McIntyre, 109 S.W.3d at 745. The exclusions built into the statute ensure that medical professionals are only
entitled to the defense if their actions are truly voluntary, not simply part of the professional’s ordinary duties.
See Tex. Civ. Prac. & Rem. Code § 74.001(b) –(c). As such, this case can be distinguished from McIntyre,
where we upheld the doctor’s assertion of the Good Samaritan defense. There, Douglas McIntyre, an
obstetrician, was in the hospital visiting one of his patients when he responded to a page over the intercom
requesting that a doctor immediately assist with Debra Ramirez’s delivery. Unlike in this case, McIntyre was not
part of Ramirez’s labor and delivery team, was not on-call, and was not expected to respond to such an
emergency. Instead, he was going about his scheduled appointments when he voluntarily came to another
patient’s aid. McIntyre, 109 S.W.3d at 743, 749.[2] In contrast, there is evidence here that it was part of Riddle’s
job as the anesthesiologist in the delivery room to intubate a newborn if the circumstances required.

Given the legislative purpose behind the Good Samaritan defense and the fact that Riddle was part of the labor
and delivery team, we cannot agree with the court of appeals’ conclusion that Riddle established his entitlement
to the defense as a matter of law. Accordingly, without hearing oral argument, we grant the petition for review,
reverse the court of appeals’ judgment, and remand to the court of appeals to consider whether the summary
judgment should be affirmed on alternative grounds. See Tex. R. App. P. 59.1.

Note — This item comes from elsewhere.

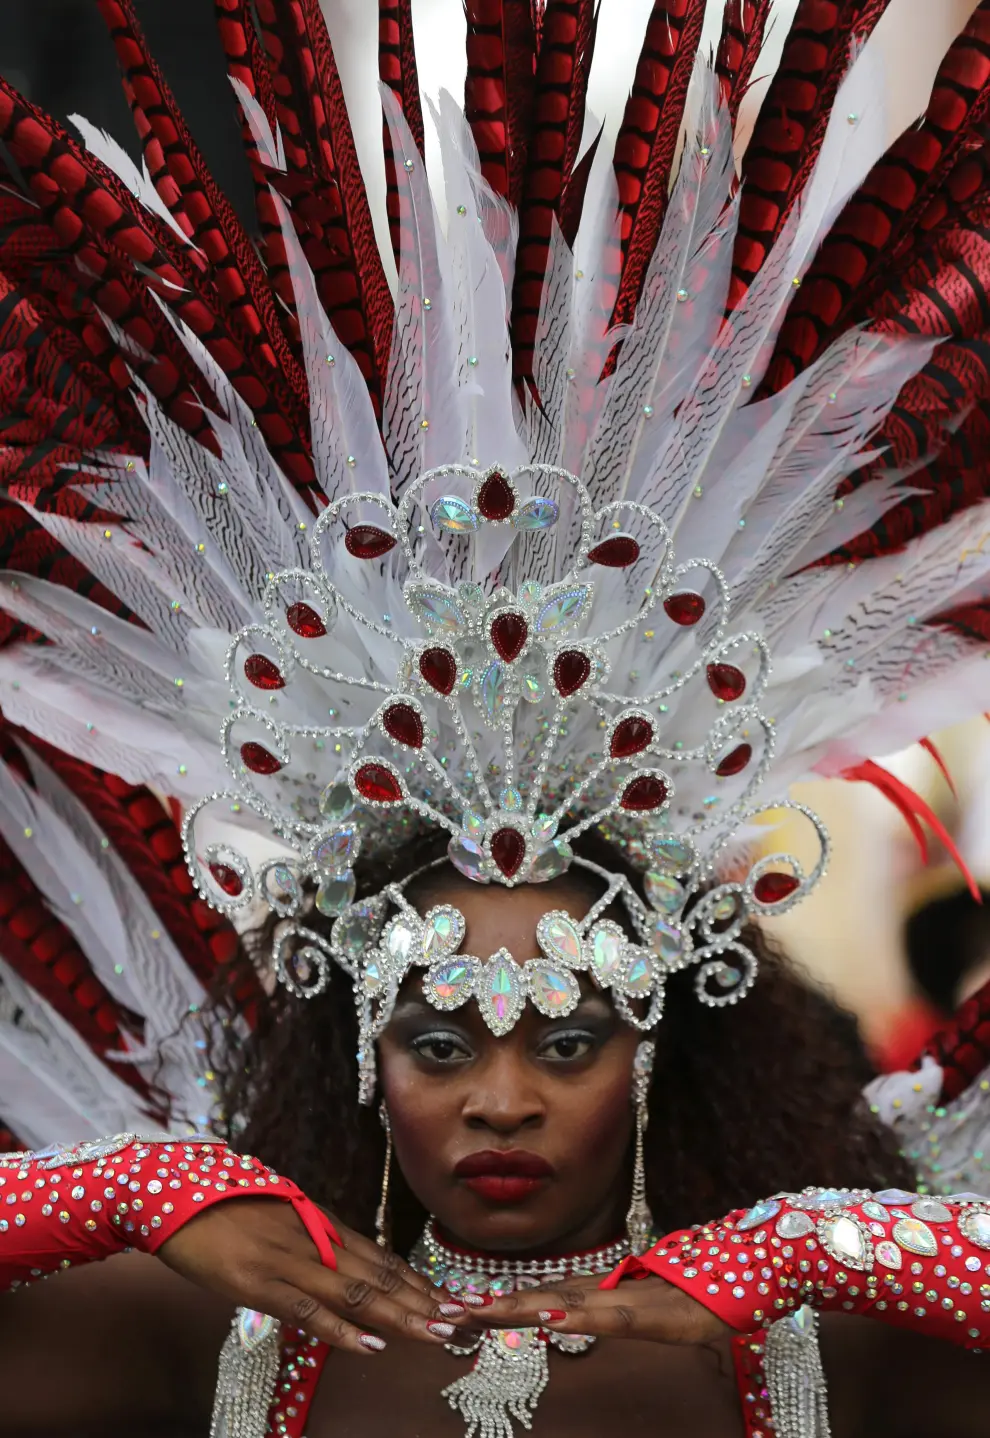 Ritmos afrocaribeños toman Notting Hill durante el gran desfile del carnaval

Opinion Delivered: February 15, 2008


[1] At the time of these events, the Good Samaritan statute was codified at Texas Civil Practice and Remedies
Code section 74.001. It has since been heavily amended and is now found at Texas Civil Practice and
Remedies Code section 74.151. All references to the Good Samaritan statute in this opinion will be to section
74.001 as it stood in 2001. See Act of June 16, 1985, 69th Leg., R.S., ch. 962, 1985 Tex. Gen. Laws 3325,
amended by Act of June 19, 1993, 73d Leg., R.S., ch. 960, 1993 Tex. Gen. Laws 4193–94, amended by Act of
June 18, 1999, 76th Leg., R.S., ch. 679, 1999 Tex. Gen. Laws 3251.

[2] In McIntyre, we addressed only the remuneration exception to the Good Samaritan defense; we did not
discuss whether McIntyre fit into the “associated by” exception. McIntyre, 109 S.W.3d 741.